The "complement" examples:
- A new discussion opens: render the active preset's
FileItems (curation) + thedisc_entries(discussion) + the knowledge digest (knowledge). Optionally append{rag-context}if the user has opted in. - The LLM asks "what's the execution clutch?": try knowledge first (the user has decided it's a durable concept). Try discussion second (search the prior entries for "clutch"). Try RAG third (semantic search across the indexed codebase). Curation fourth (the user has configured specific files).
- The user asks "where does X happen?": RAG is the natural shape for this question (semantic search). Use it.
3. Provenance required (Rule 3)
The principle. When RAG returns results, the user must be able to see which file and which chunk produced the result. No black boxes.
The RAG result shape (per RAGEngine.search):
@dataclass
class SearchResult:
file_path: str # the absolute path
chunk_offset: int # byte offset within the file
chunk_length: int # length in bytes
content: str # the matched text
similarity: float # the cosine similarity
The display in the LLM context (the {rag-context} block):
{rag-context}
## src/ai_client.py:512-768 (similarity: 0.87)
...content...
## src/aggregate.py:142-289 (similarity: 0.82)
...content...
{/rag-context}
The display in the GUI (the per-result tooltip):
[Anthropic cache-aware send]
File: src/ai_client.py:512-768
Similarity: 0.87
Click to jump to file
The provenance is not optional. If a result has no provenance, it doesn't go in the context.

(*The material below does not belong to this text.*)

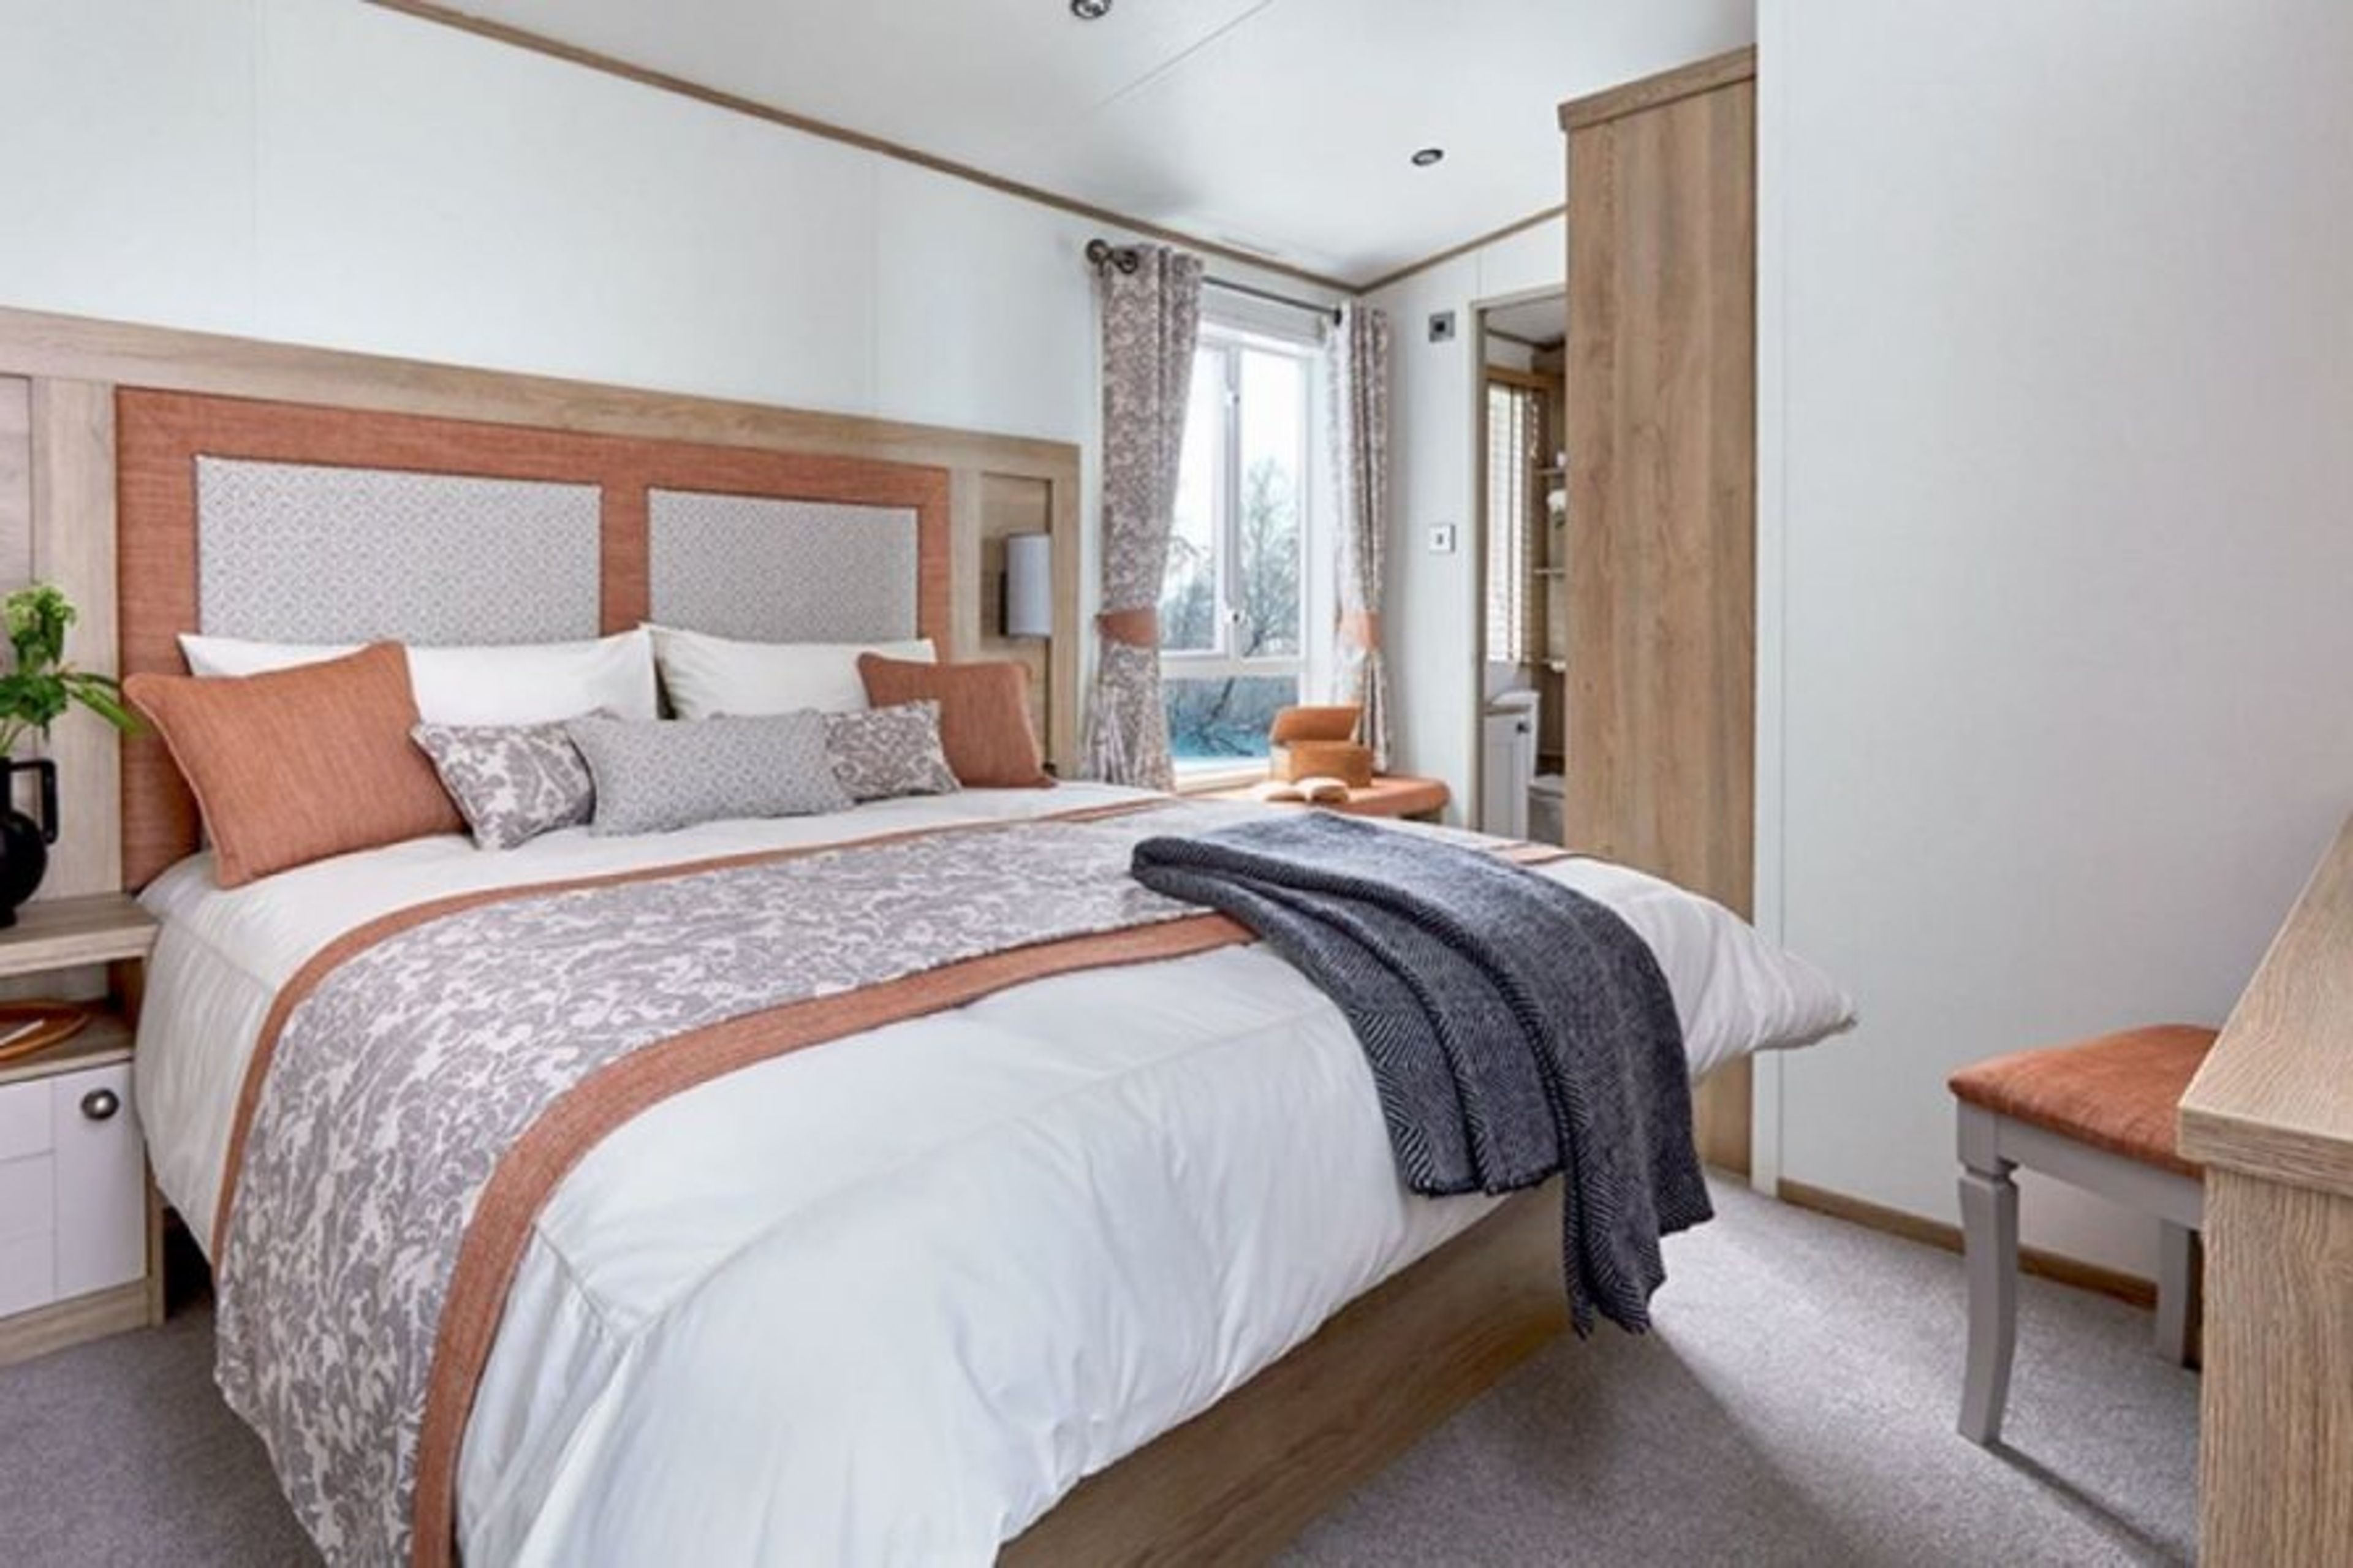 Master bedroom with kingsized bed and ensuite includes shower and WC
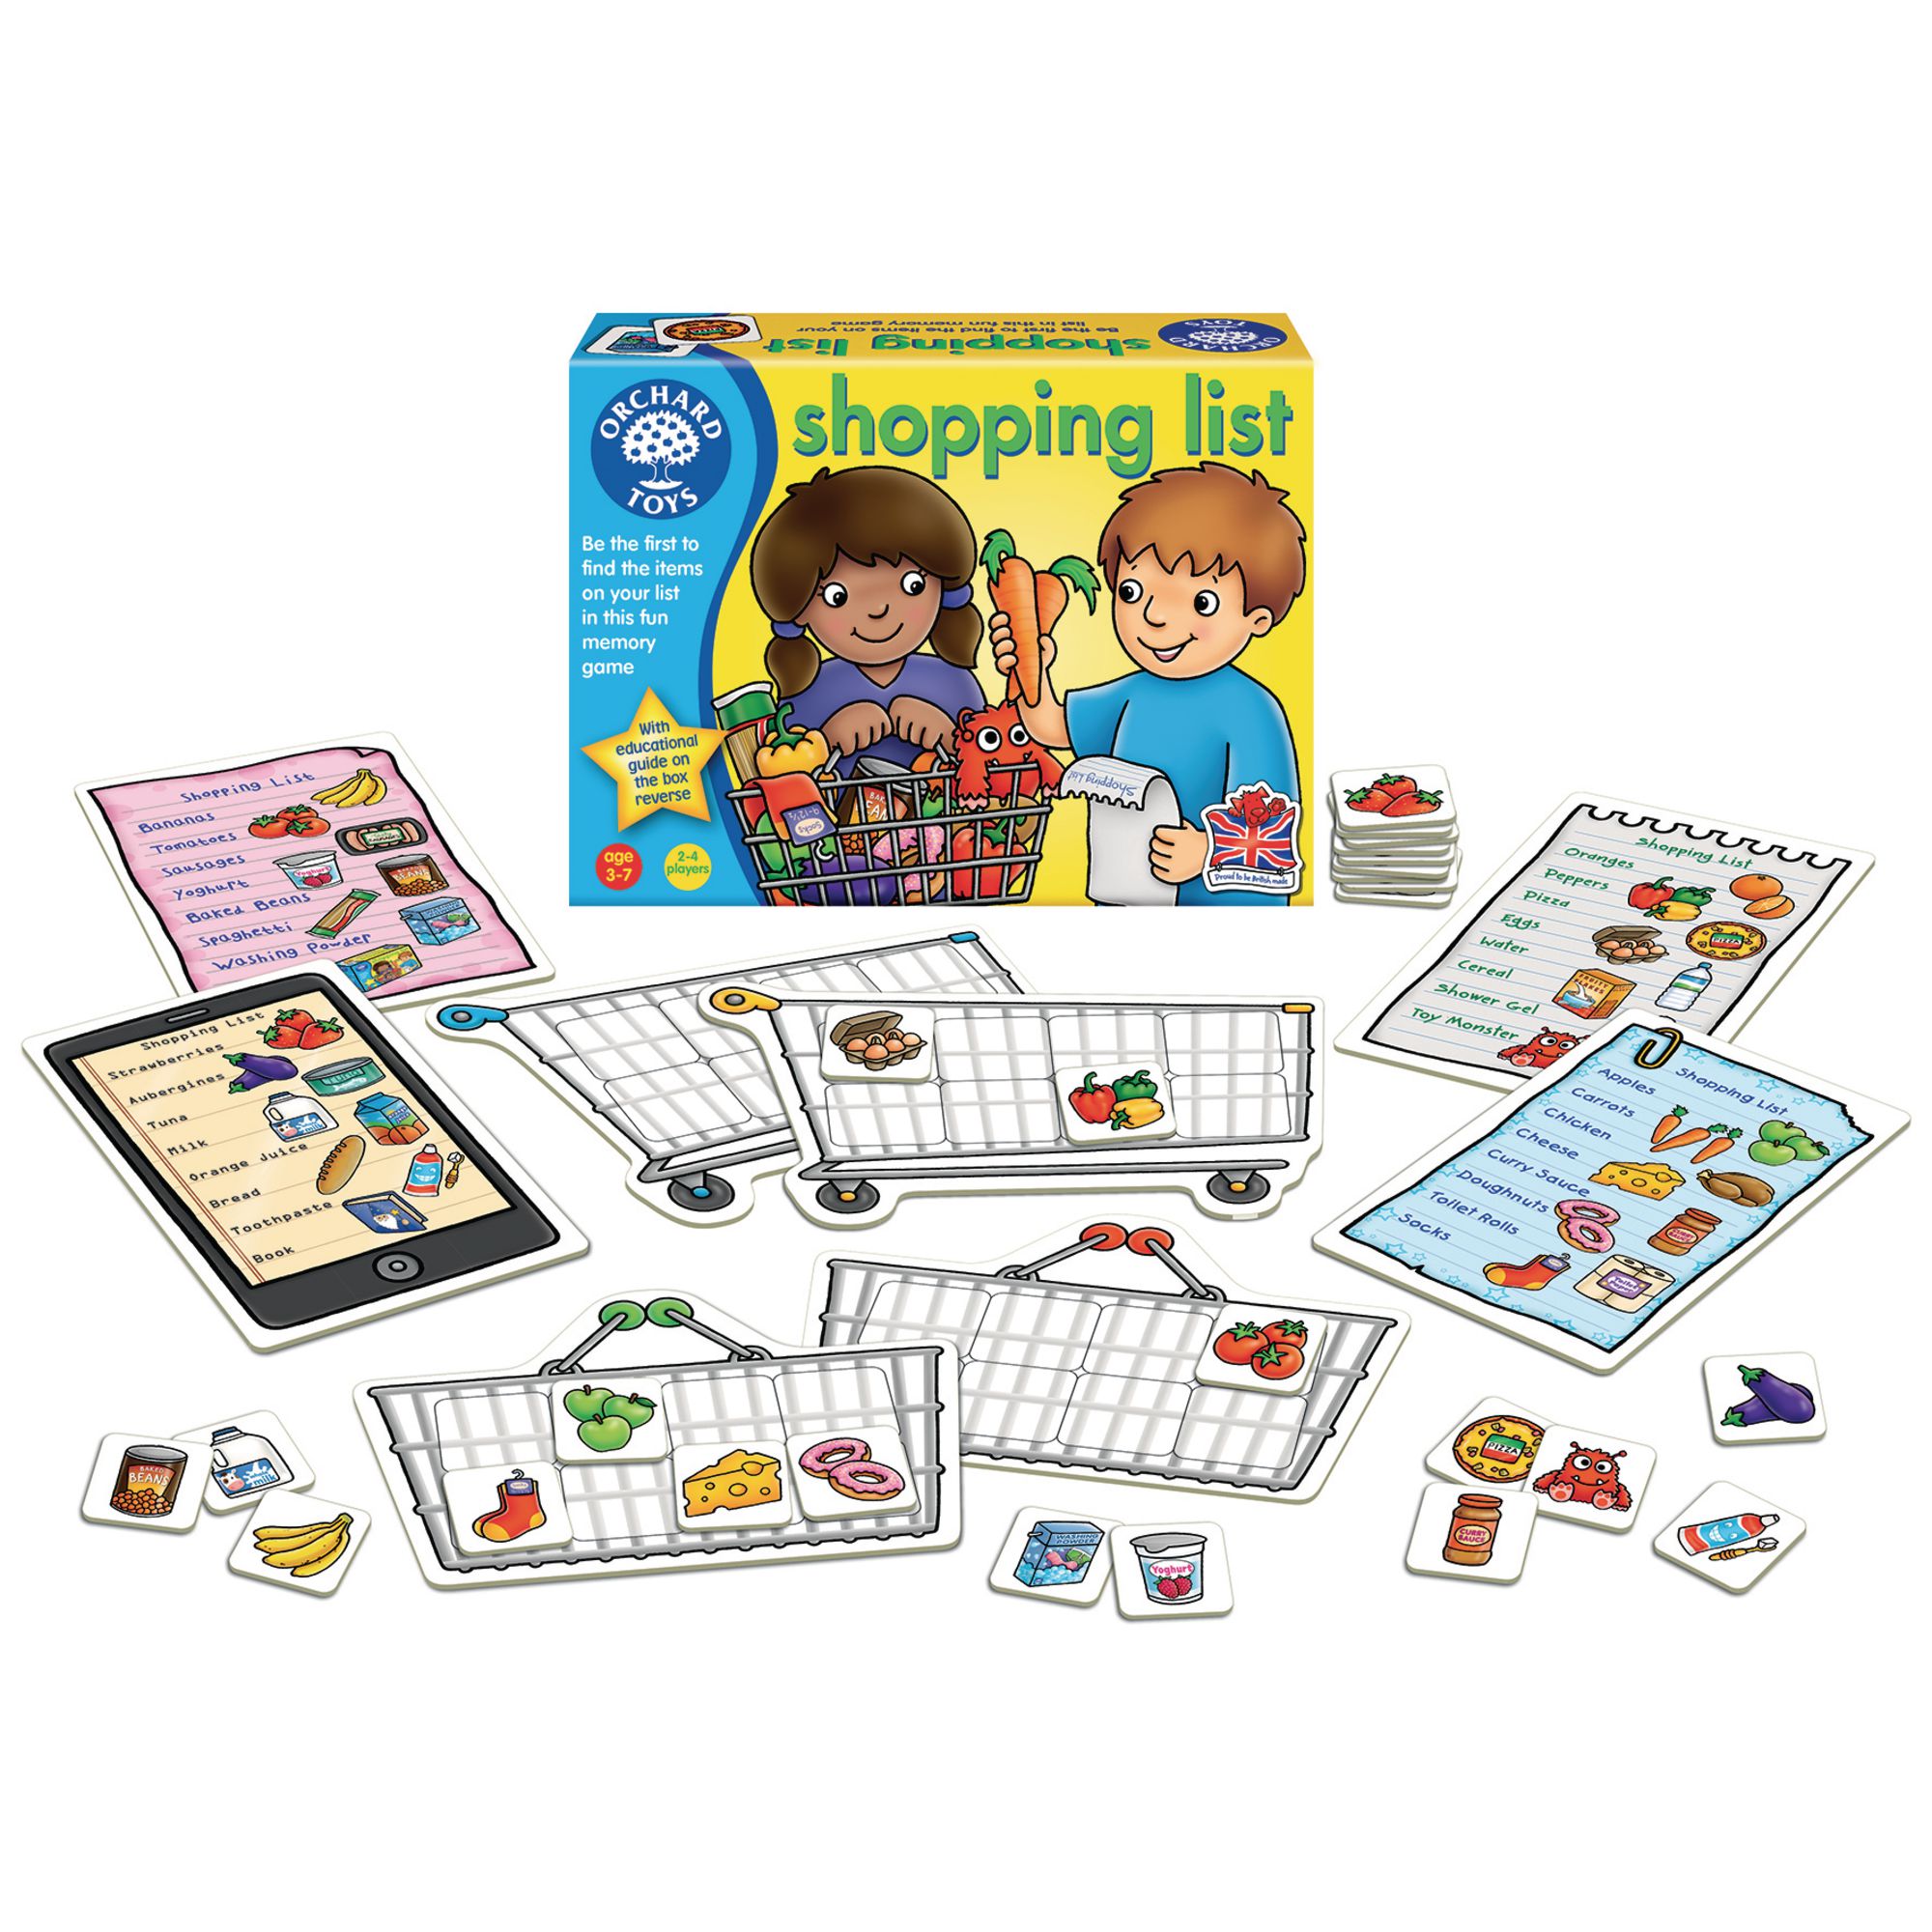 shopping-list-game-he1553291-findel-education

The cross-references. The dim-mismatch fix at 16412ad5 shows the kind of bug that happens when the RAG index loses provenance: switching providers silently corrupts the index because the embeddings have different dimensions. The provenance (file path + chunk offset) is what makes the index re-buildable.
4. RAG never mutates state (Rule 4)
The principle. RAG is a query dimension. It returns data; it does not write data.
The mutation rules:
- RAG results do NOT go into
disc_entries - RAG results do NOT update
FileItemcuration state - RAG results do NOT write to disk
- RAG results do NOT trigger knowledge harvest
- RAG results do NOT modify the system prompt or persona
The exception (none). There is no feature that should mutate state from RAG results. If a feature wants to "remember" something from RAG, the user must explicitly say "add that to the discussion" (which appends a role: "User" entry to disc_entries) or "harvest that into knowledge" (which runs the harvest workflow).
The boundary in code:
# In ai_client.py:send() (the integration point)
def send(...):
prompt = aggregate.build(...)
if config.rag_enabled:
results = rag_engine.search(prompt, k=N)
prompt = append_rag_block(prompt, results) # READ ONLY
return self._send_<provider>(prompt, ...)
# NO mutation of: disc_entries, FileItem, knowledge files
The mutation must happen in a different function, called explicitly by the user or the LLM with HITL approval.
5. Feature-gated integration (Rule 5)
The principle. A feature must explicitly request RAG in its scope. RAG is not the default for "give me context."
The gate. Every feature that uses RAG declares the dependency in its spec, plan, and changelog:
## Scope
- Feature X (uses RAG for semantic search)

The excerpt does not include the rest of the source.